Hacker News new | ask | show | jobs
by lifthrasiir 599 days ago
Here the canonical representation refers to one single definite and unambiguous encoding for given data. This requirement is very common in cryptographic applications and also commonly demanded when the deterministic processing is desired. Technically the "canonical" and "deterministic" encoding can differ (e.g. ASN.1 CER vs. DER), but there is not much value to have two distinct encodings.
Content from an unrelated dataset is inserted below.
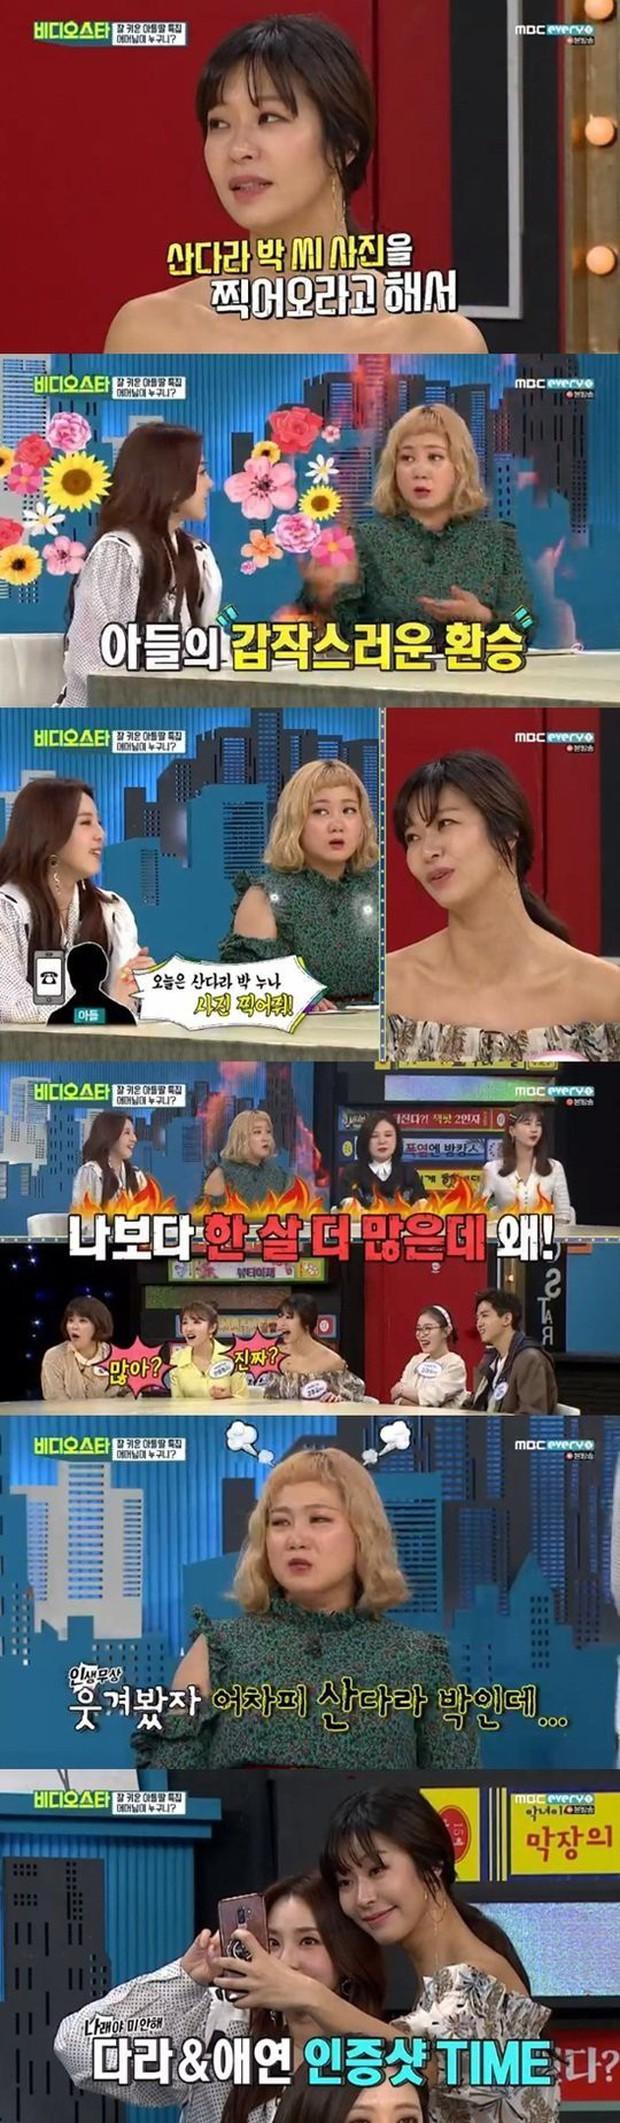 Nữ diễn viên hài lẫy khi không ai nhận ra cô nhỏ tuổi hơn Dara! - Ảnh 1.

On graphs: as you've said recursive code has to be careful, but the recursion itself is not very frequent in normal applications and they are more susceptible to attacks if the recursion is built into the serialization format. XML billion laughs attack is a famous demonstration for this issue. It is still worthwhile to have parallel standards to specify how recursive structures should be encoded in the basic format, and possibly to tweak the basic format to better accommodate such standards, but I believe such needs can be met without making the basic format bigger.

1 comments

Is canonilization not irrelevant. Any format with comments is not canonical; so xᴍʟ is not, ᴊꜱᴏɴ has escapes options for string characters so it not either.

Response to graph conjecture stated https://news.ycombinator.com/item?id=42072133.

Almost no serialization format is canonical by default---AFAIK bencode was the sole example that mandates the canonicalization. Instead, a canonical subset of the format is usually defined, which would of course exclude comments, unless comments themselves are considered semantic like XML. Yes, even XML has a canonical subset [1]!

[1] https://www.w3.org/TR/xml-c14n/

There is the concept of “well formed xᴇɴᴏɴ” as outputted by the ᴅᴏᴍ and serializer which is deterministic as will suffice for canonicalization.